Response to the Federal Budget - ACOSS
Monday, 26th May 2003 at 1:05 pm
The May Federal Budget was possibly Peter Costello’s last as Federal Treasurer according to some political pundits but has he delivered in the area of social welfare. According to ACOSS it’s a cost-shifting exercise set to hurt rather than help low to middle income Australians.
The Australian Council of Social Service President, Andrew McCallum says the Budget shifts the costs of basic health and education services away from the Government and on to low and middle income earners.
McCallum says low and middle income earners will pay for the proposed tax cuts whenever they visit the doctor or send a child to University. Tax
cuts should not be a priority at this time – just three years after income tax was cut by $12 billion. These tax cuts will do nothing for jobless people – homeless people, people with disabilities, unemployed people, sole parents, students or age pensioners – who will be pushed further behind.
He says the priority should be new investment in public health, education, housing, income support, and community services.
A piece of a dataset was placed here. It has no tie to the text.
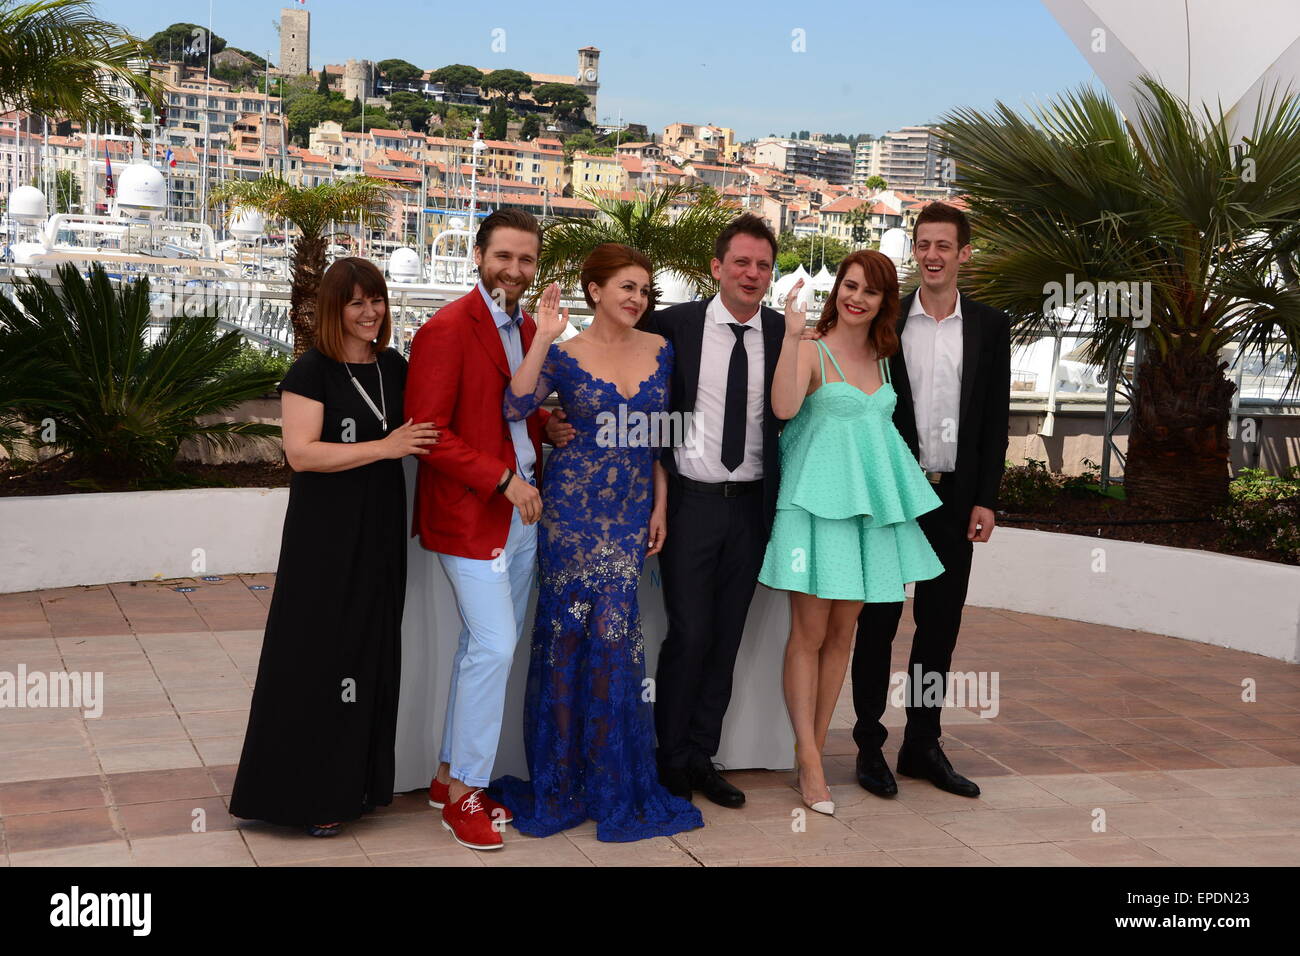 Cannes, France. 14th May, 2015. CANNES, FRANCE - MAY 17: (from third left) actress Nives Ivankovic, director Dalibor Matanic, actress Tihana Lazovic and actor Dado Cosic attend the 'Zvidan' Photocall during the 68th annual Cannes Film Festival on May 17, 2015 in Cannes, France. © Frederick Injimbert/ZUMA Wire/Alamy Live News Stock Photo

These are core
Government responsibilities. They should not be shifted to the users of those services.
He says the health and education changes signal a shift away from a system that entitles all Australians to affordable and accessible health and education services irrespective of their capacity to pay. If the tax cuts are implemented, this shift will be further entrenched.
ACOSS says that for $4 a week in their pockets, low and middle income earners are being asked to take some very big risks, including:
Higher doctor’s bills for middle income earners and queues and lower quality health care for concession card holders — the average “gap fees” paid now are $12 a visit or $3 to $4 a week. This could easily double under the Government’s changes.
It will cost more for a university place — up to $2000 more a year for some courses. More students from high income backgrounds can buy their way into university, while queues for places continue to lengthen and student debt rises.
The crisis in our public hospitals will worsen — public hospital funding is cut by more than $100 million a year in this Budget.
Public housing waiting lists, already over 200,000 will grow even longer — no action in this Budget
Gap fees for child care services will continue to rise — already an average of $50 for full-time day care.
It says two key reform programs promised by the Government have faded into the background with this Budget:
Low and middle-income families will miss out on financial relief through improved family payments and paid maternity leave.
Jobless Australians will miss out on reforms to social security and the Job Network to remove poverty traps and payment anomalies, simplify the system, and improve work prospects and incentives.
ACOSS says there are some positives in this Budget for disadvantaged Australians. They include the extra funding for employment and child care
services for people with disabilities, a small innovation fund for Job Network providers, and the easing of social security penalties that formed part of the Australians Working Together package.
McCallum says unemployment is forecast to persist at the unacceptably high rate of 6% for the next two years but there are too few initiatives to
help jobless people into work.
He says there is no commitment to fund reforms foreshadowed by the Government to remove anomalies from the social security system, and to
improve financial help for low and middle-income families with children.
He argues that surpluses should be used to improve financial support and services for the most vulnerable. Instead of cutting income tax the
Government should cut the billions of dollars in ‘welfare’ for the well-off such as big discounts on health insurance, discounts on up-front university fees, and concessions for high income retirees.